1/ If you load the worst case scenario, then your power advantage
is gone.
2/ If you load these one by one, how do you expect to feed 256+
cores ?
Obviously you can make this in hardware. And obviously this is
not going to be able to feed 256+ cores. Even with a chip at low
frequency, let's say 800MHz or so, you have about 80 cycles to
access memory. That mean you need to have 20 000+ cycles of work
to do per core per unum.
That simple back of the envelope calculation. Your proposal is
simply ludicrous. It's a complete non starter.
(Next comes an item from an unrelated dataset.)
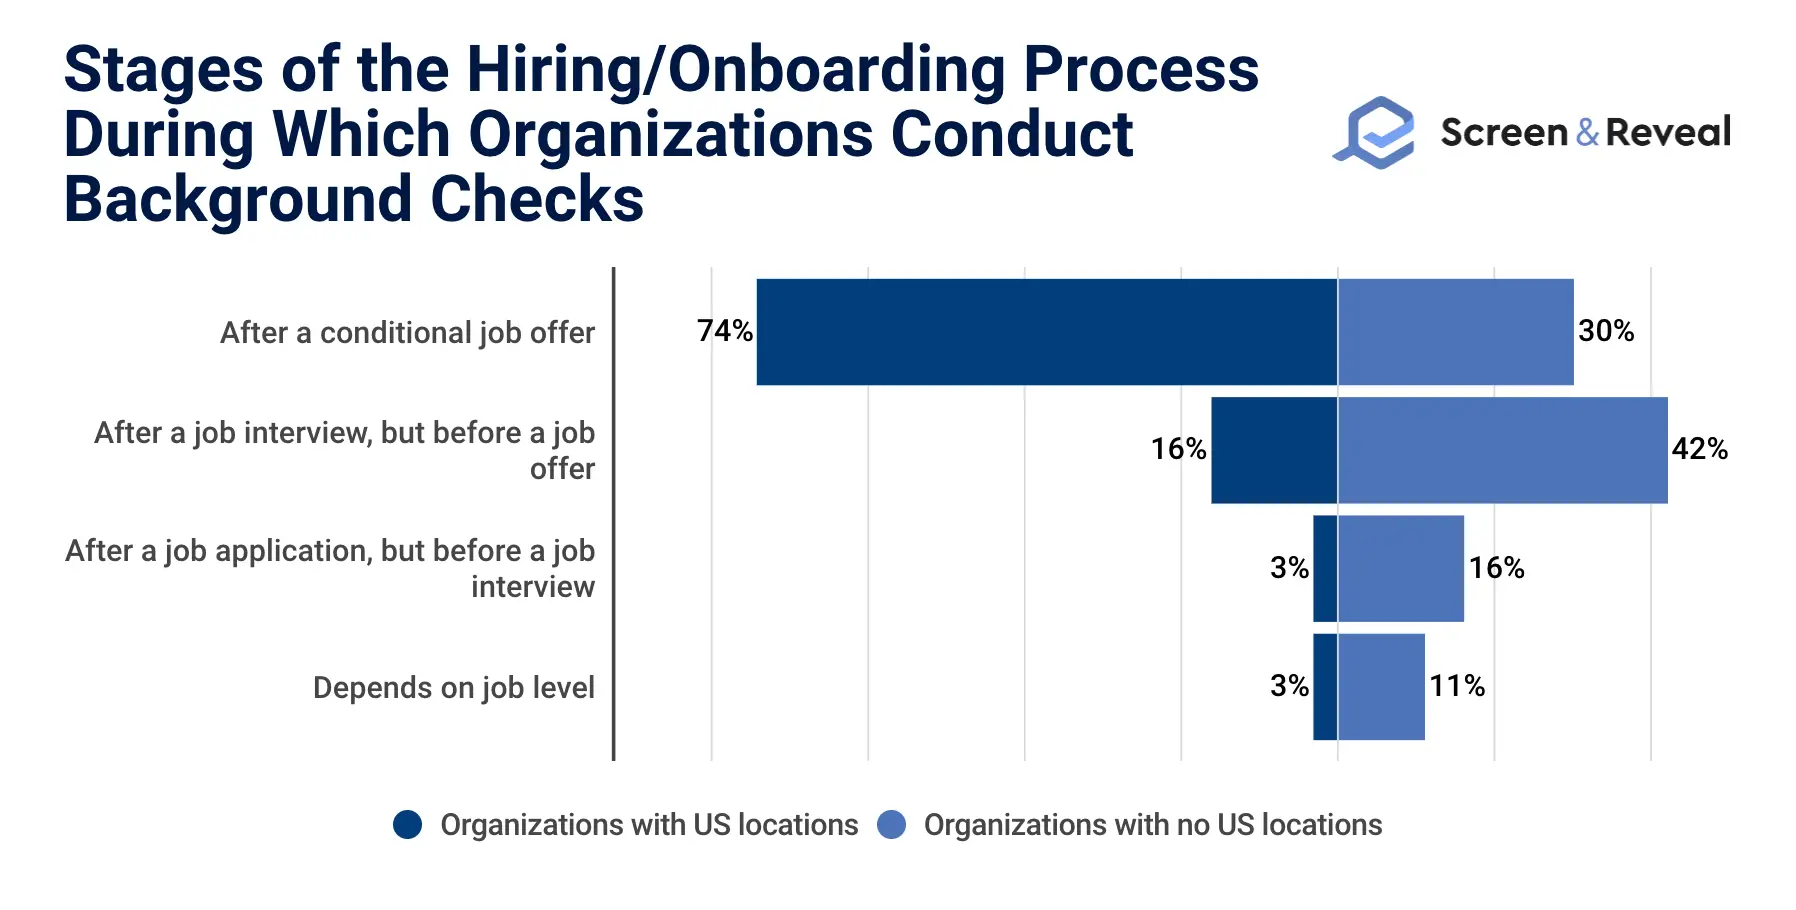 Stages of the Hiring/Onboarding Process During Which Organizations Conduct Background Checks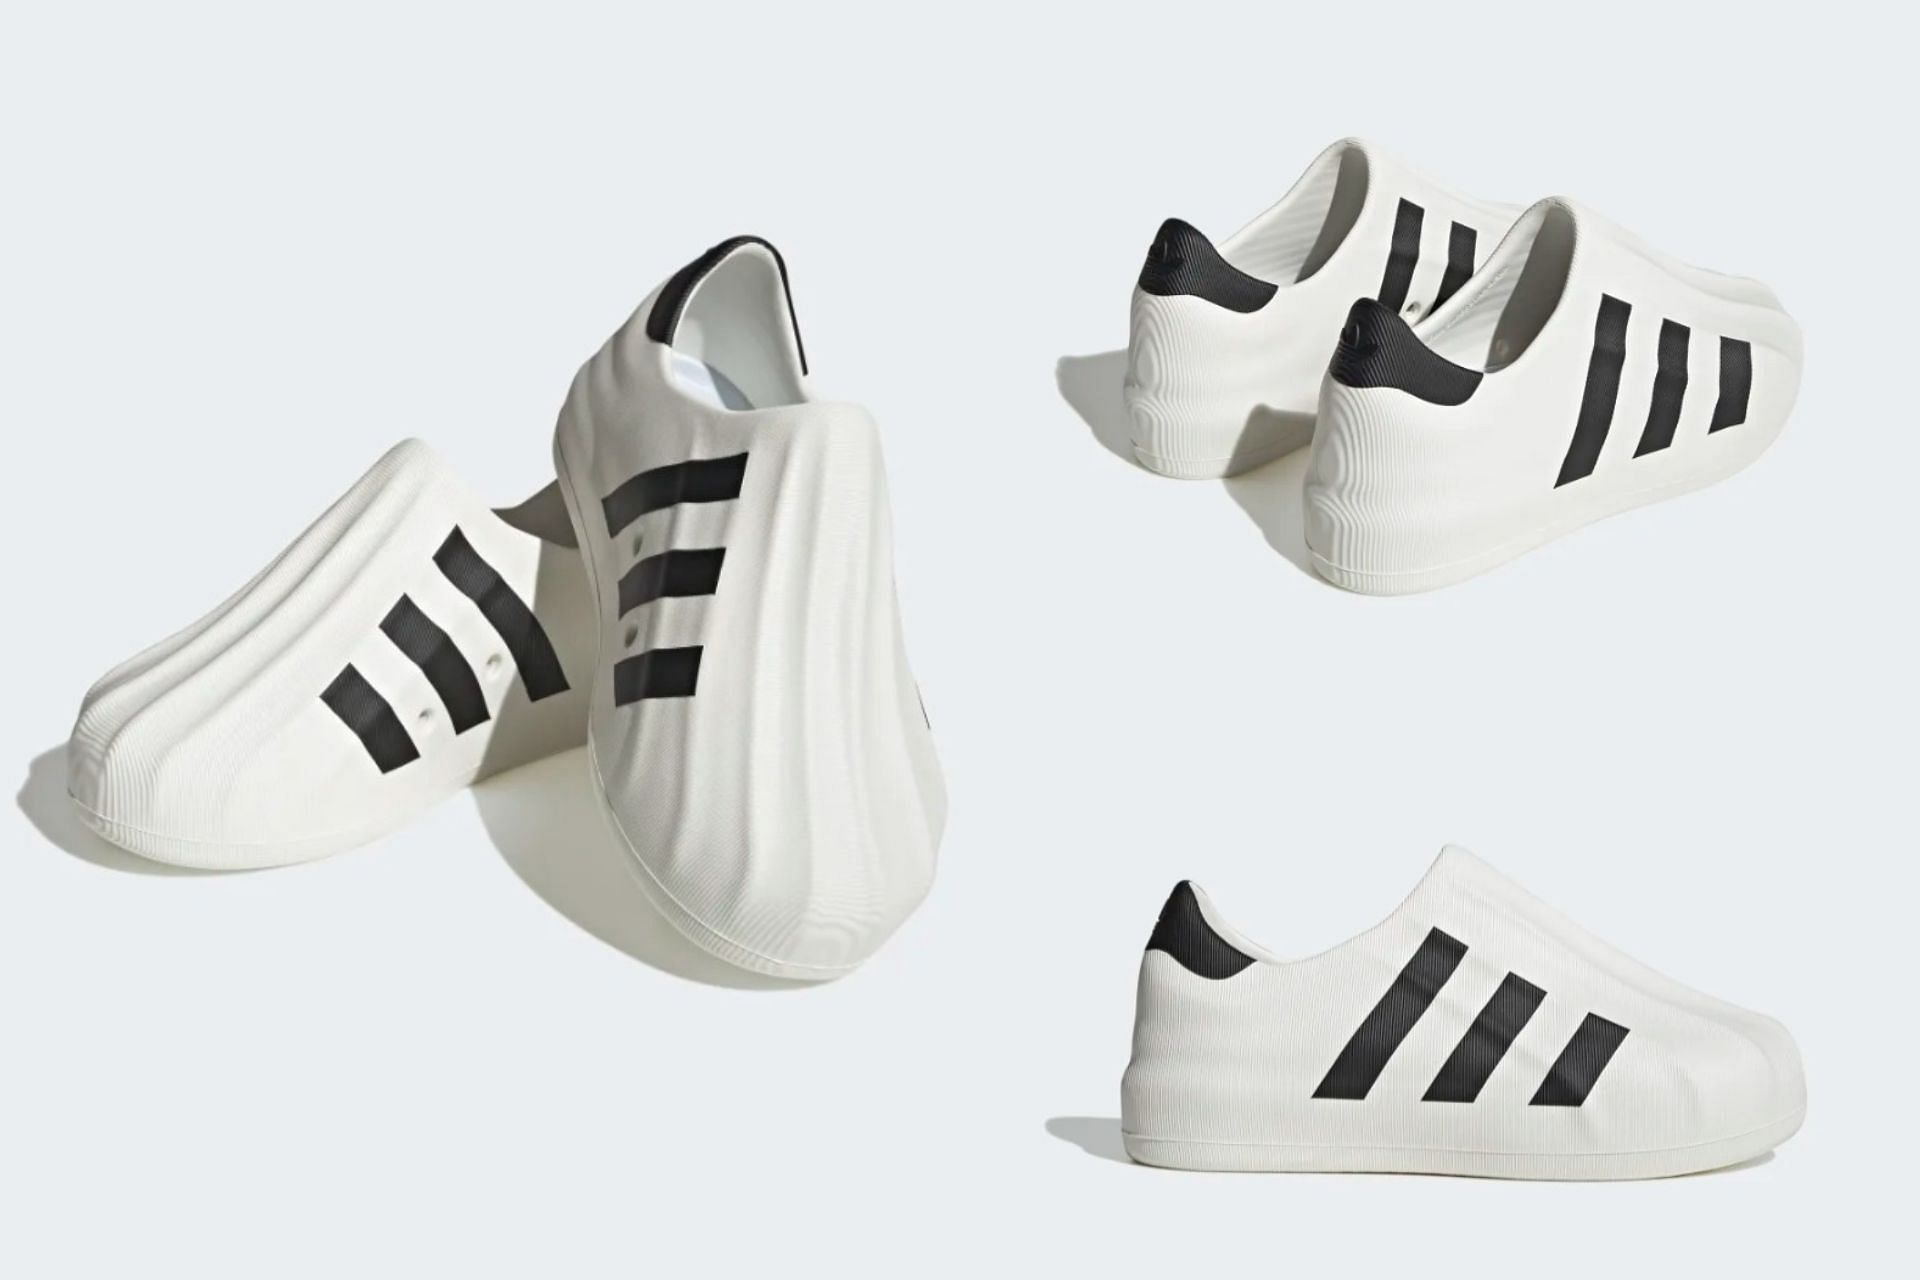 Adidas Adifom Superstar shoes: Where to buy, price, and more details ...

You can make this in hardware. Sure you can, no problem. But you
won't because it is a stupid idea.
To gives you a similar example, x86 decoding is often the
bottleneck on an x86 CPU. The number of ALUs in x86 over the
past decade decreased rather than increased, because you
simply can't decode fast enough to feed them. Yet, x86 CPUs
have a 64 ways speculative decoding as a first stage.
That's because we use a dumb compiler that does not prefetch
intelligently.
You know, when you have no idea what you are talking about, you
can just move on to something you understand.
Prefetching would not change anything here. The problem come from
variable size encoding, and the challenge it causes for hardware.
You can have 100% L1 hit and still have the same problem.
No sufficiently smart compiler can fix that.
If you are writing for a tile based VLIW CPU you preload. These
calculations are highly iterative so I'd rather think of it as
a co-processor solving a single equation repeatedly than
running the whole program. You can run the larger program on a
regular CPU or a few cores.
That's irrelevant. The problem is not the kind of CPU, it is how
do you feed it at a fast enough rate.
The problem is not transistor it is wire. Because the damn
thing is variadic in every ways, pretty much every bit as
input can end up anywhere in the functional unit. That is a
LOT of wire.
I haven't seen a design, so I cannot comment. But keep in mind
that the CPU does not have to work with the format, it can use
a different format internally.
We'll probably see FPGA implementations that can be run on FPGU
cards for PCs within a few years. I read somewhere that a group
in Singapore was working on it.
That's hardware 101.
When you have a floating point unit, you get your 32 bits you get
23 bits that go into the mantissa FU and 8 in the exponent FU.
For instance, if you multiply floats, you send the 2 exponent
into a adder, you send the 2 mantissa into a 24bits multiplier
(you add a leading 1), you xor the bit signs.
You get the carry from the adder, and emit a multiply, or you
count the leading 0 of the 48bit multiply result, shift by that
amount and add the shit to the exponent.
If you get a carry in the exponent adder, you saturate and emit
an inifinity.
Each bit goes into a given functional unit. That mean you need on
wire from the input to the functional unit is goes to. Sale for
these result.
Now, if the format is variadic, you need to wire all bits to all
functional units, because they can potentially end up there.
That's a lot of wire, in fact the number of wire is growing
quadratically with that joke.
The author keep repeating that wire became the expensive thing
and he is right. Meaning a solution with quadratic wiring is not
going to cut it.